Нужно было залезть в этот пиратский сундук мертвеца, и там начнётся настоящая жизнь.
Наконец, он погрузился в подсоленную воду. За ним задвинули крышку, и началось плавание в темноте.
Он снова очутился на раскалённом песке. Очень хотелось пить, опасность была рядом, а рука сжимала рукоять боевой стали.
Это была какая-то ошибка ― он заказывал путешествие в космос.

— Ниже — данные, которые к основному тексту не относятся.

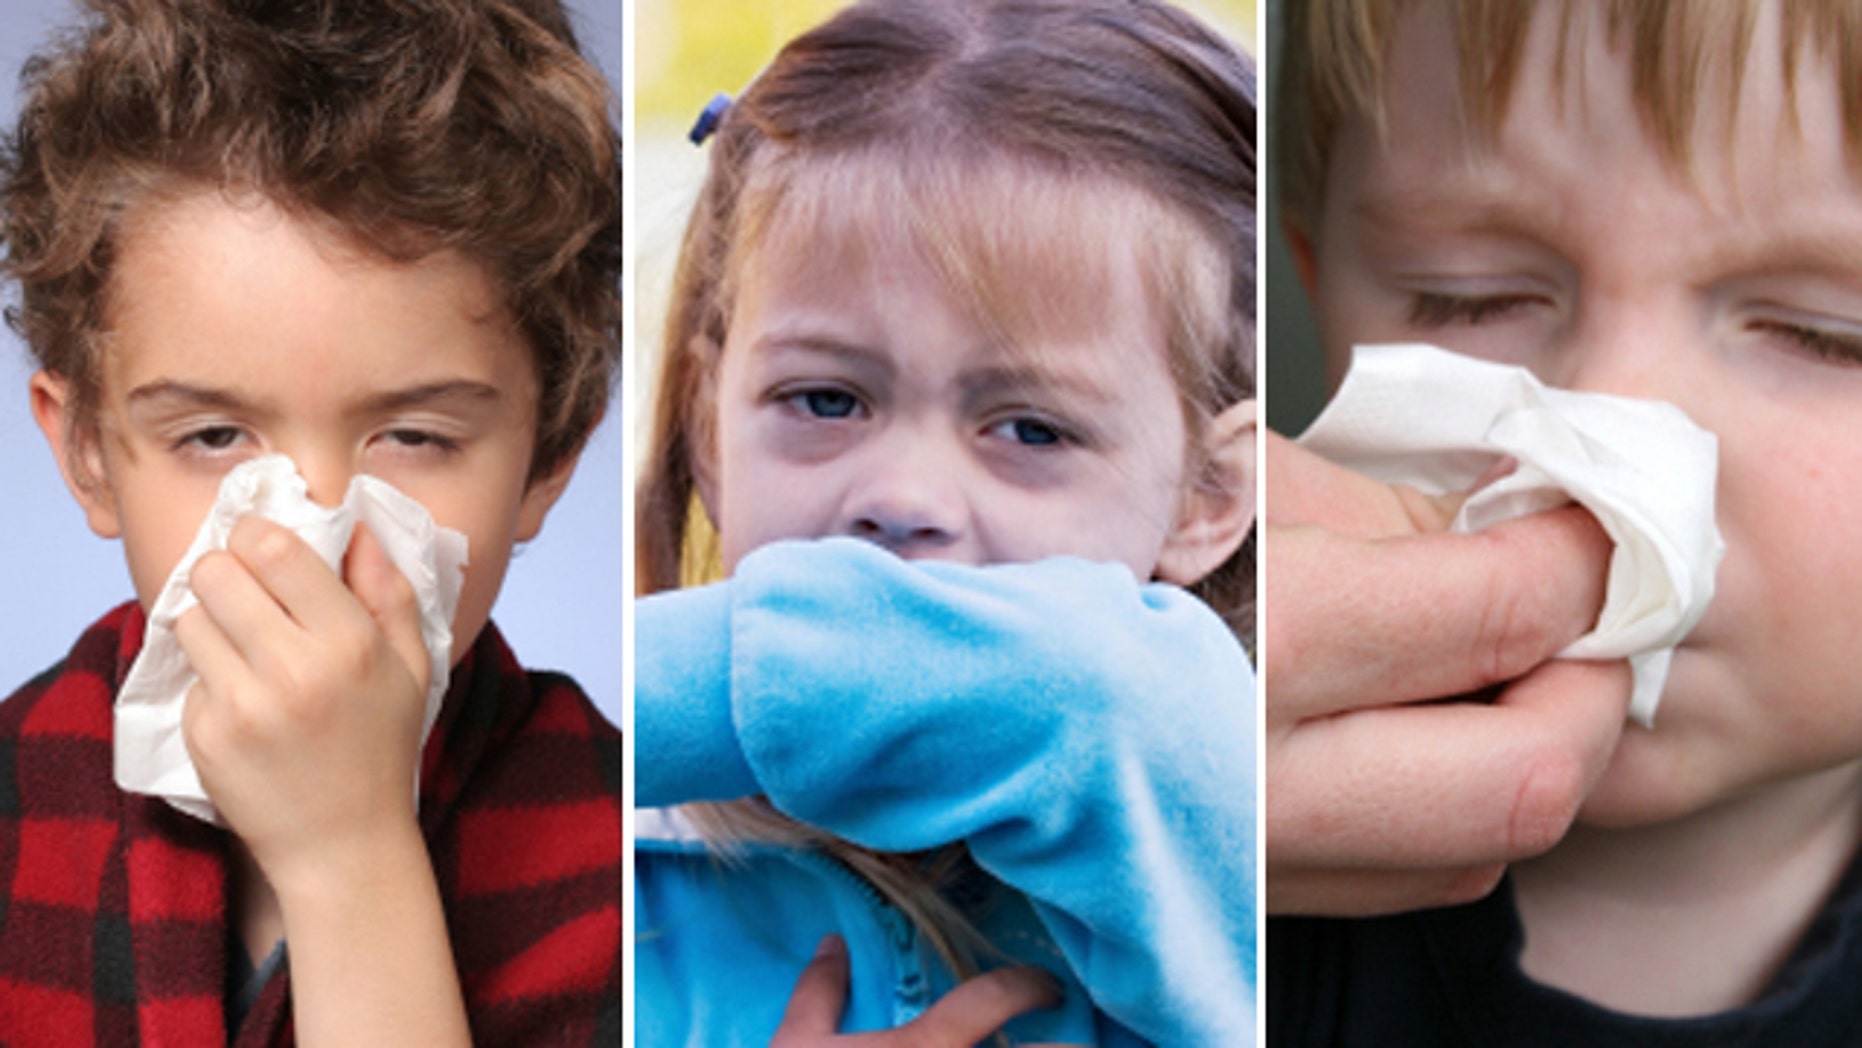 Natural remedies to treat sick kids | Fox News

Хотелось чего-то высокотехнологичного, чтобы нестись через пространство на корабле Илона Маска и пролетать над марсианской пустыней, а за спиной должен переливаться радужный круг геликоптера. Потом будет космопорт, упоительная заваруха, и он полетит на боевое задание, а внизу ― грязные повстанцы будут разбегаться от очередей лазерных пушек. Или он будет стрелять из крупнокалиберного пулемёта по надвигающейся воздушной армаде. Но вокруг был только песок, у берега торчали остовы кораблей, а на горизонте горел не то город, не то деревня.
Когда сеанс кончился, он стал искать администратора, но оказалось, что все ушли. Только молодой негр предложил ему заполнить формуляр жалобы, но жаловаться не было сил.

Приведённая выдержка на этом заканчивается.